There is no definitive time, event or industry standard that would trigger the end of the testing period. The objective is to see a sustained set of stable parameters (e.g. volumes, pressures, and temperatures) indicative of steady state reservoir contribution. This has not been achieved as of yet on Dubhe-1. Upon restarting the well we would continue to observe these trends carefully to understand and extrapolate reservoir deliverability.
10) Dubhe-1 performance vs expectations/analogues and “how far off are we”
How does Dubhe-1’s performance (oil, gas, water, cleanup progression) compare with pre-drill expectations and analogues (Alkaid-2 / SMD-B), and what explains the gap between expected and observed outcomes to date?
The company is unable to confidently provide benchmarks at this time. Thus far, the well is within the range of pre-drill expectations and local analogues, and thus, no definitive determinations have been made.
11) Water production: source, trends, handling costs, and implications
What is the expected water-production behaviour for Dubhe-1 (best analogue), is produced water primarily frac fluid vs formation water, has water cut materially improved recently, and are development operating-cost assumptions being updated for water handling/disposal?
This is one of the expected outcomes from Dubhe-1 testing. There are no known analogues for long term production from Pantheon’s asset base. This well will inform development planning in that regard.
12) Why hasn’t oil flowed “meaningfully” yet, and should oil breakthrough still be?

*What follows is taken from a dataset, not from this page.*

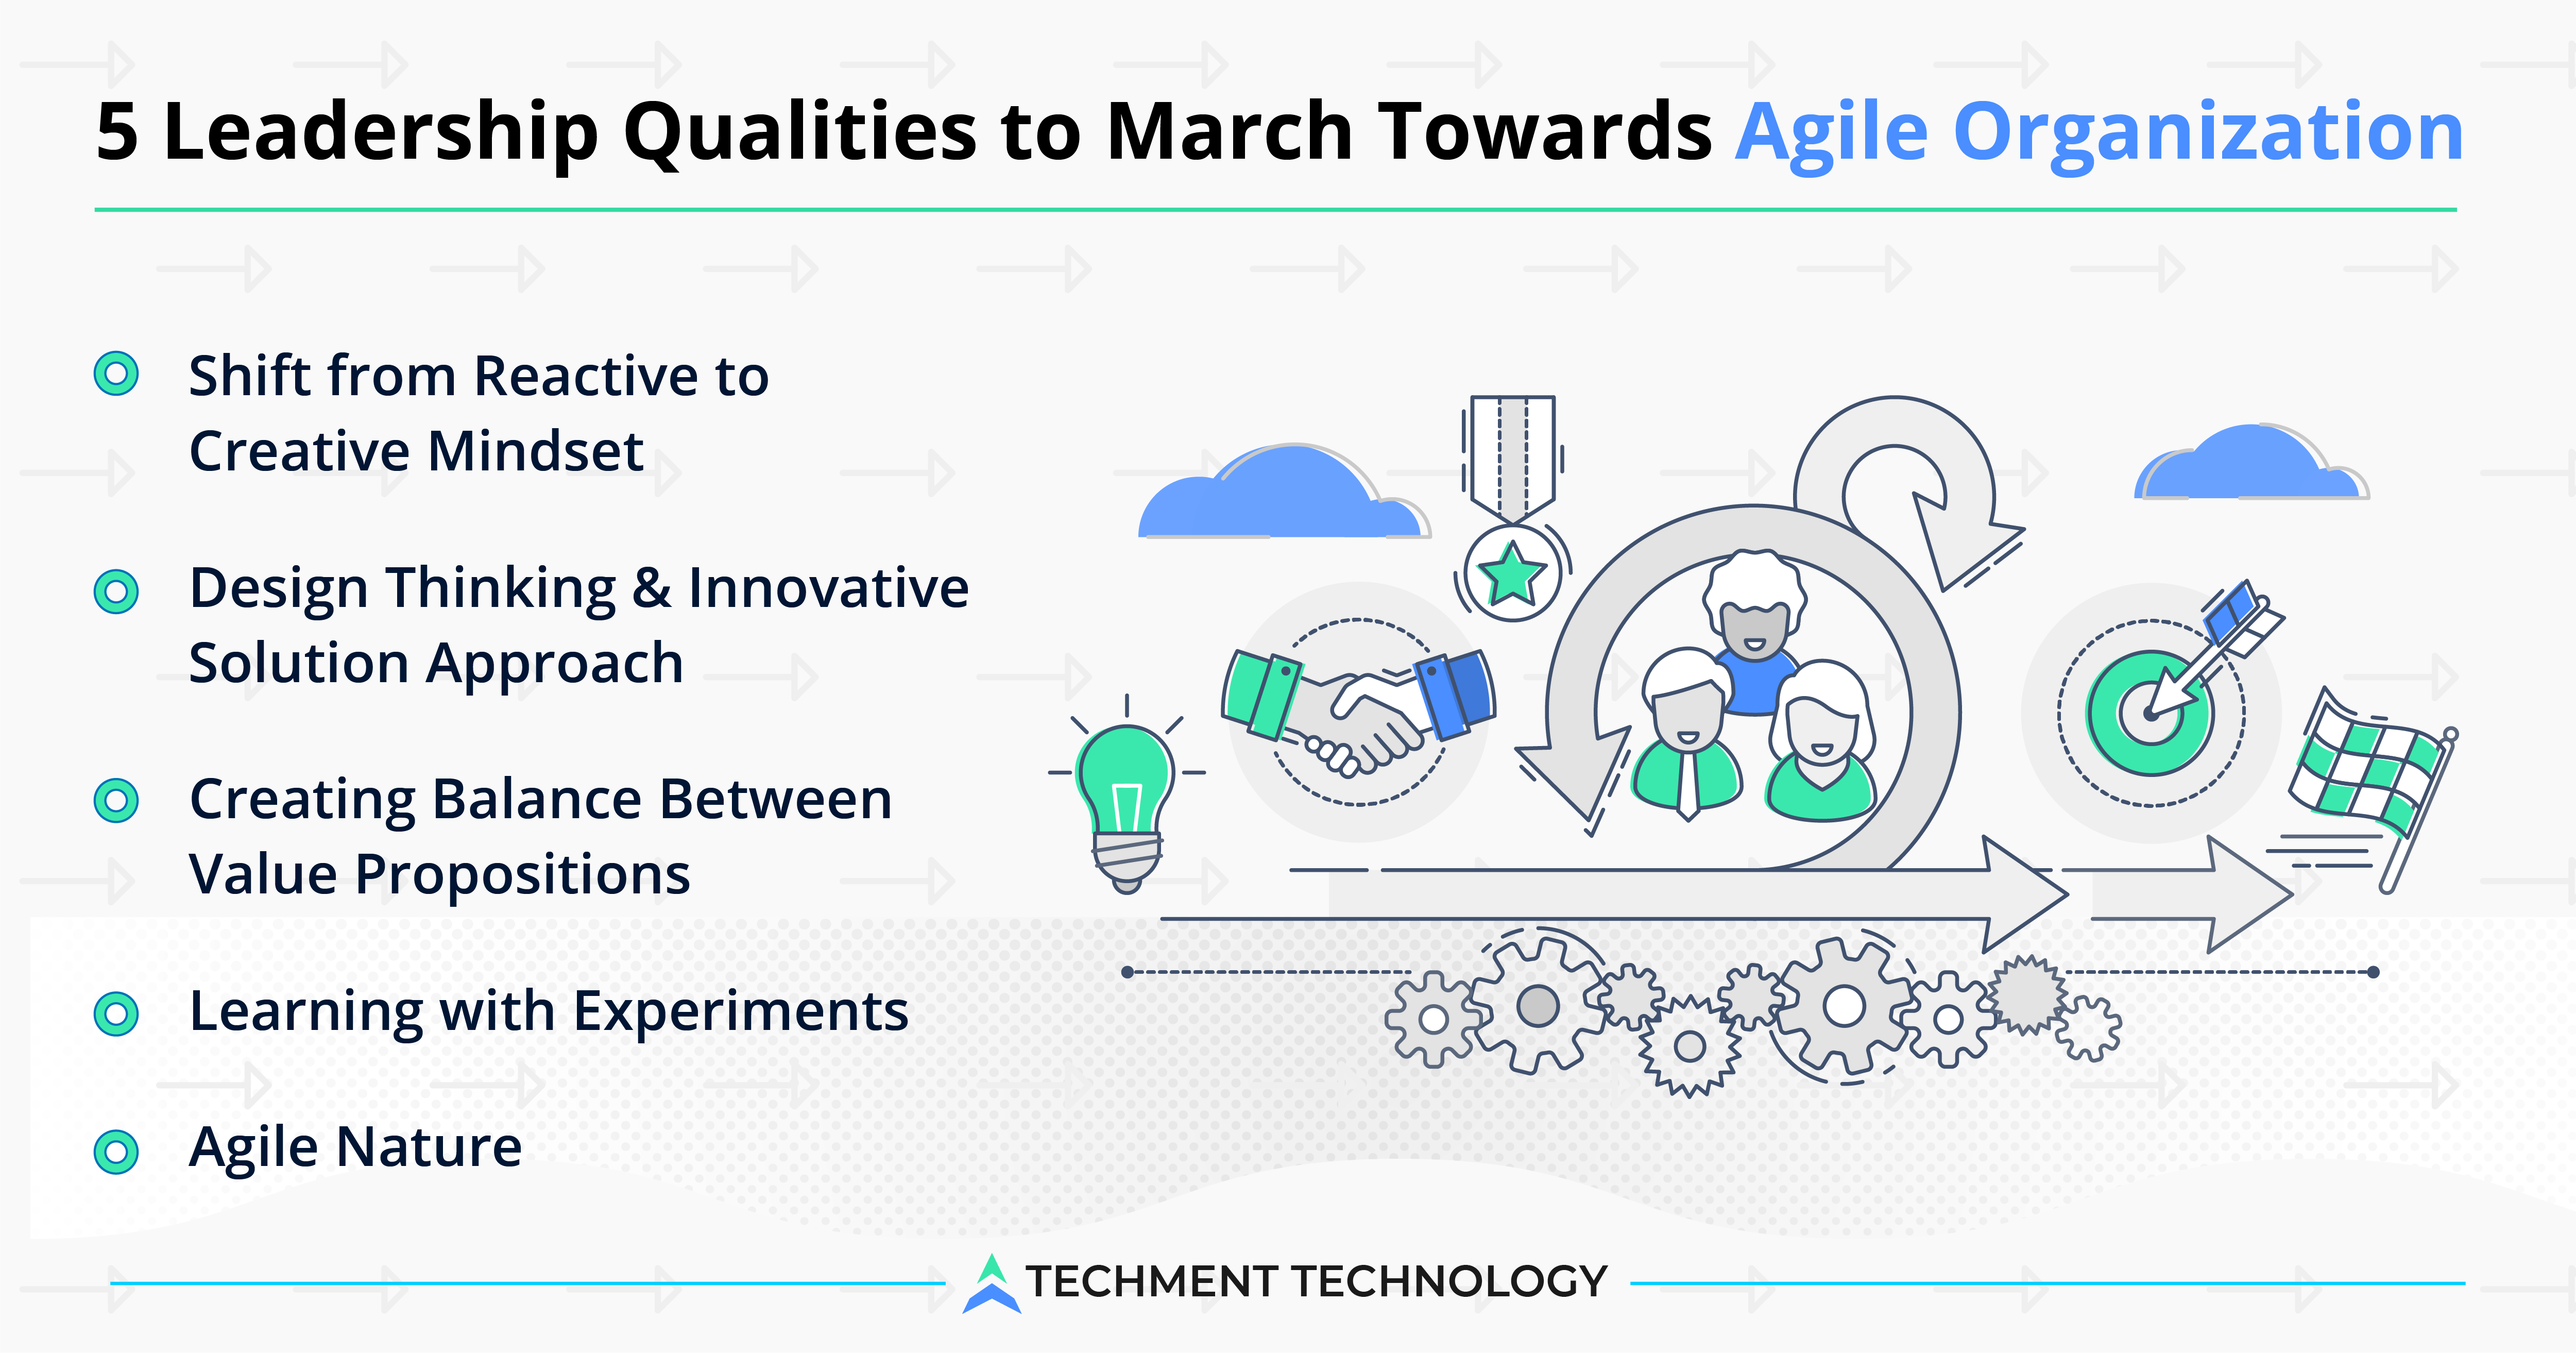 5 Leadership Qualities to March Towards Agile Organization

Why hasn’t Dubhe-1 cut meaningful oil yet, what evidence supports the expectation of oil breakthrough later in cleanup (e.g., the 50–60% recovery analogy), and why will spring operations be different/better?
There is no deterministic model that would reliably predict when meaningful oil breakthrough should be expected. It is normal to rely upon experience and analogues but there is a very limited data set for wells completed in the SMD-B horizon in the Middle Schrader Bluff interval on Alaska’s North Slope. The pause in operations allows analysis and planning for restart of operations and any intervention, such as to run an electric submersible pump, would likely be more cost effective.

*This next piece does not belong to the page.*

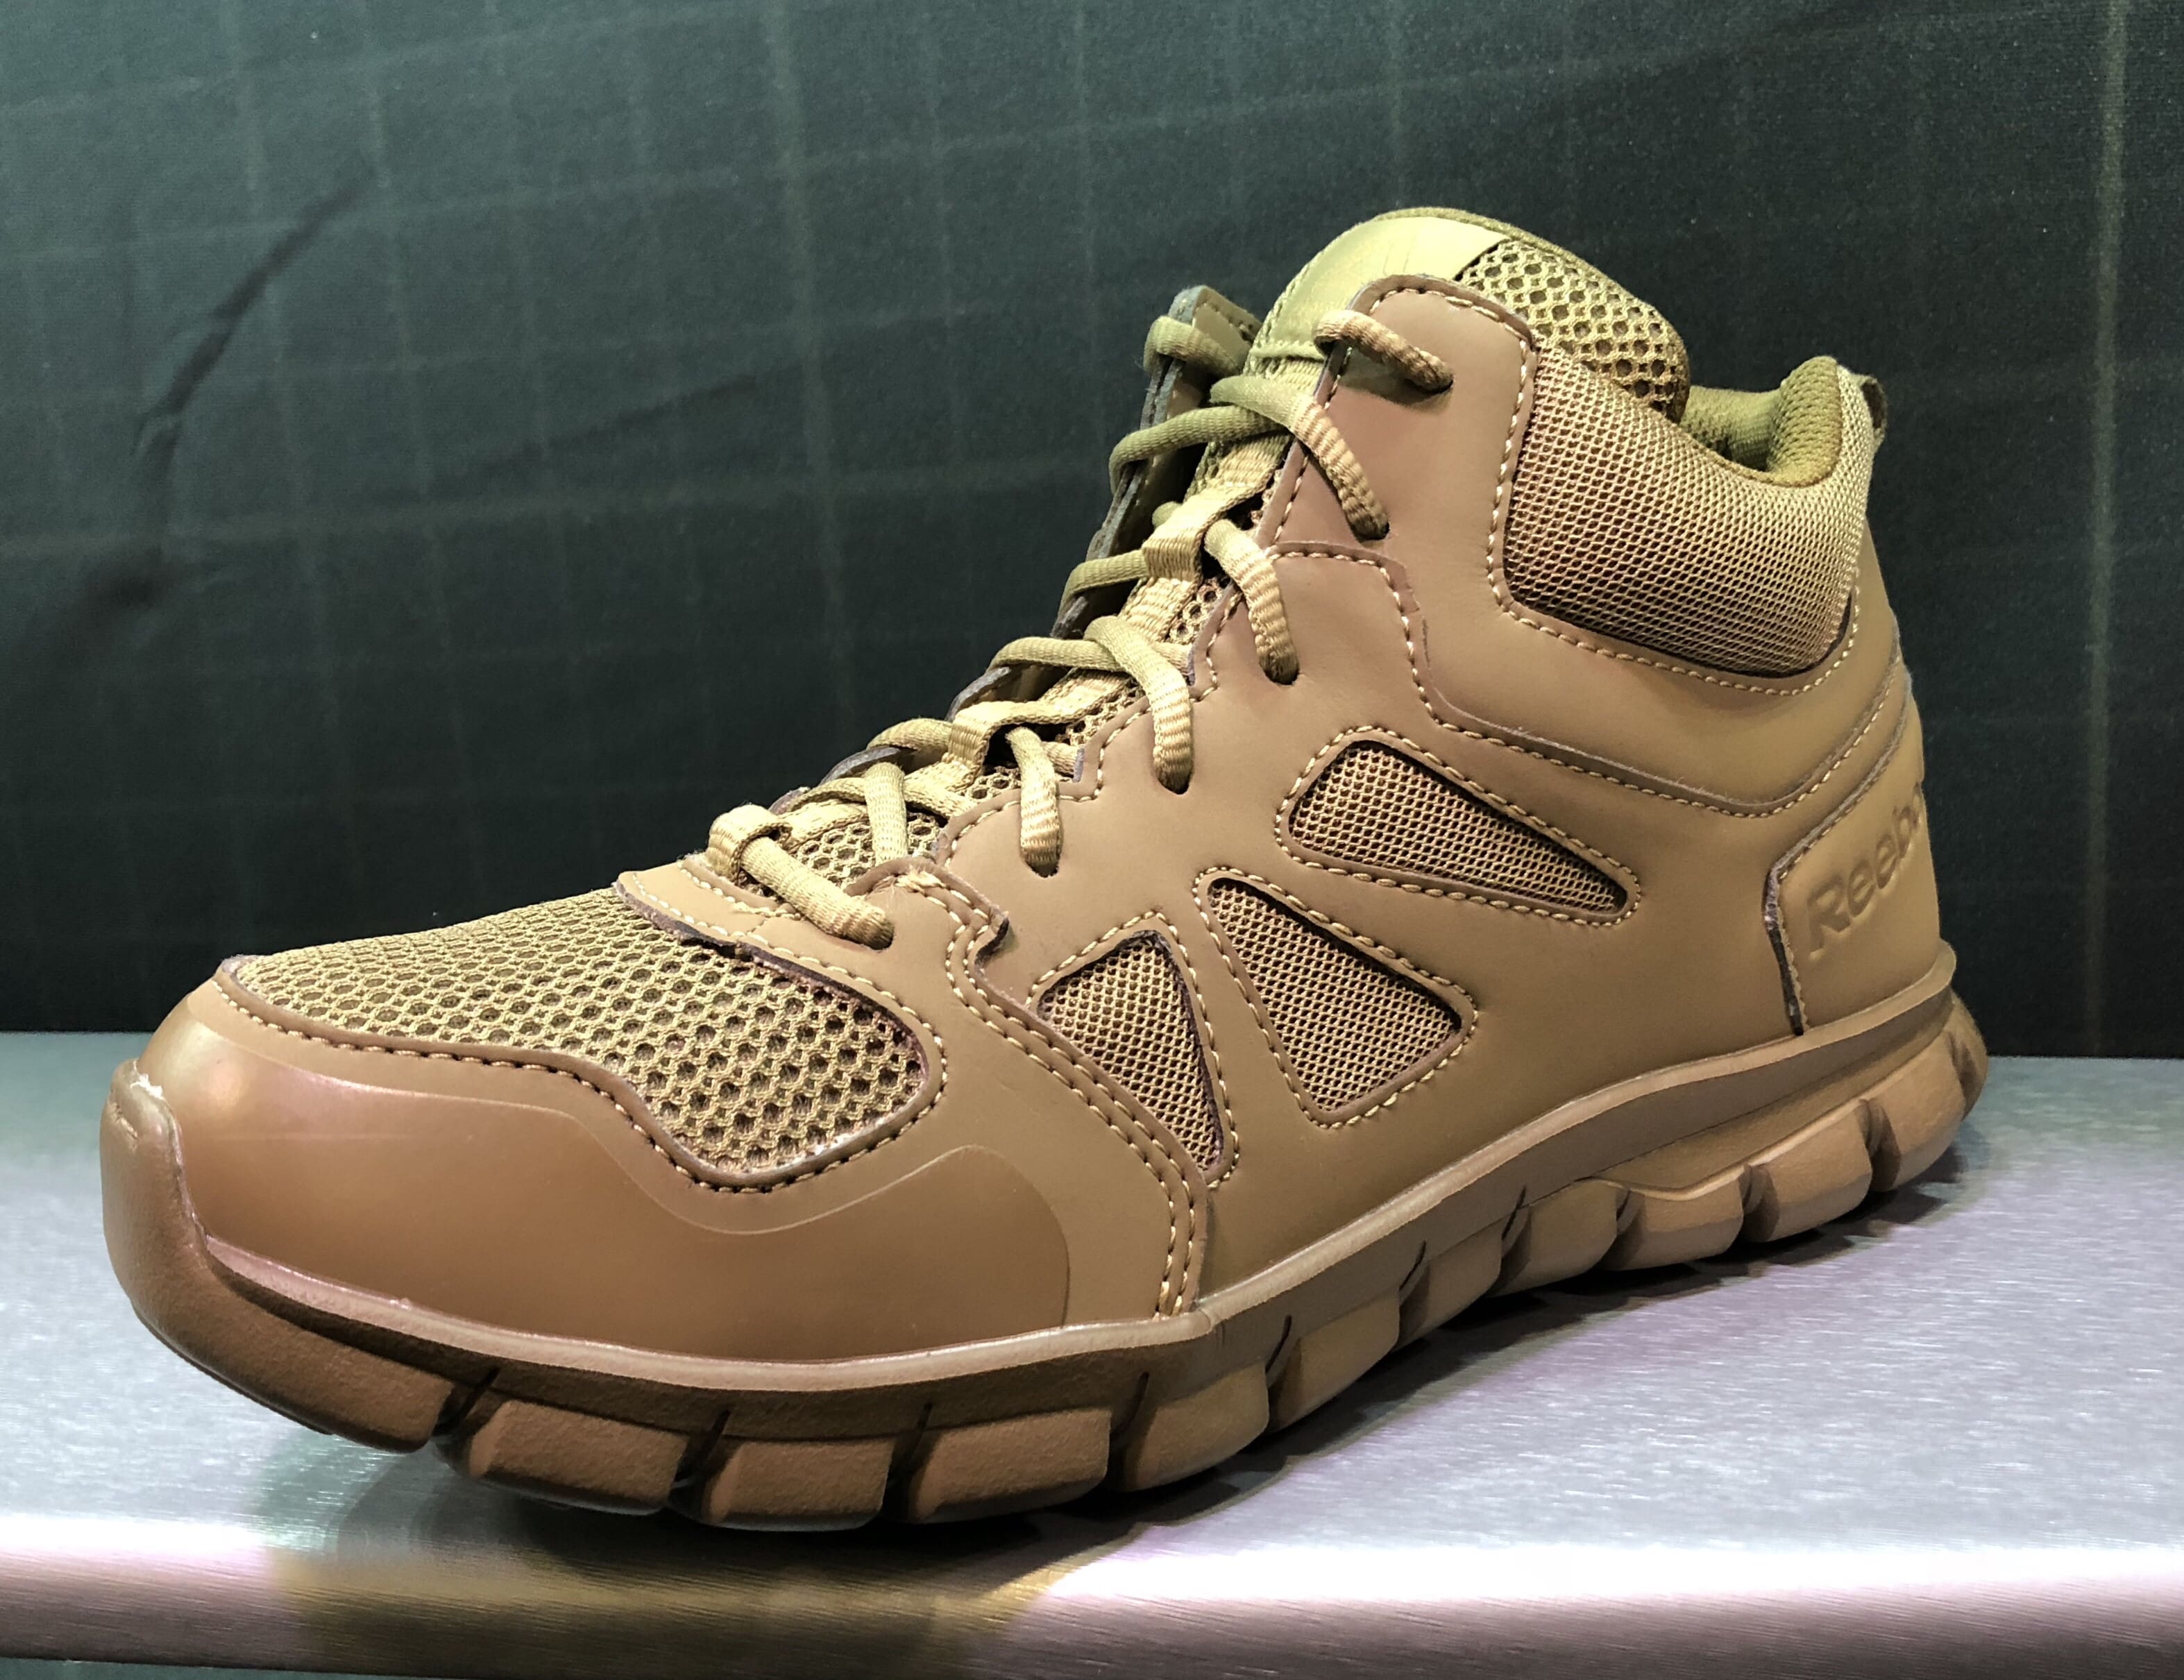 SHOT Show 18 - Reebok Duty Sublite Cushion Tactical Systems Daily

13) Nitrogen/artificial lift: usage, rationale, and implications
Has nitrogen lift been used at Dubhe-1, at what stages and why; how should investors interpret nitrogen/artificial lift regarding reservoir quality and expected future production; and why was nitrogen used on prior tests such as Alkaid SMD-B?
Nitrogen has been used for artificial lift in the well. In early production phases, the production stream is 100% water, and assistance is required to flow to surface in a stable manner. There are many options available for this in industry including downhole pumps. Gas lift using Nitrogen (to be replaced with reservoir gas when it becomes available) was chosen to mitigate risks associated with sand production (as experienced during Alkaid flowback). The choice of artificial lift has no bearing on the quality of the reservoir. Given the performance of the well thus far, a change in artificial lift is being considered.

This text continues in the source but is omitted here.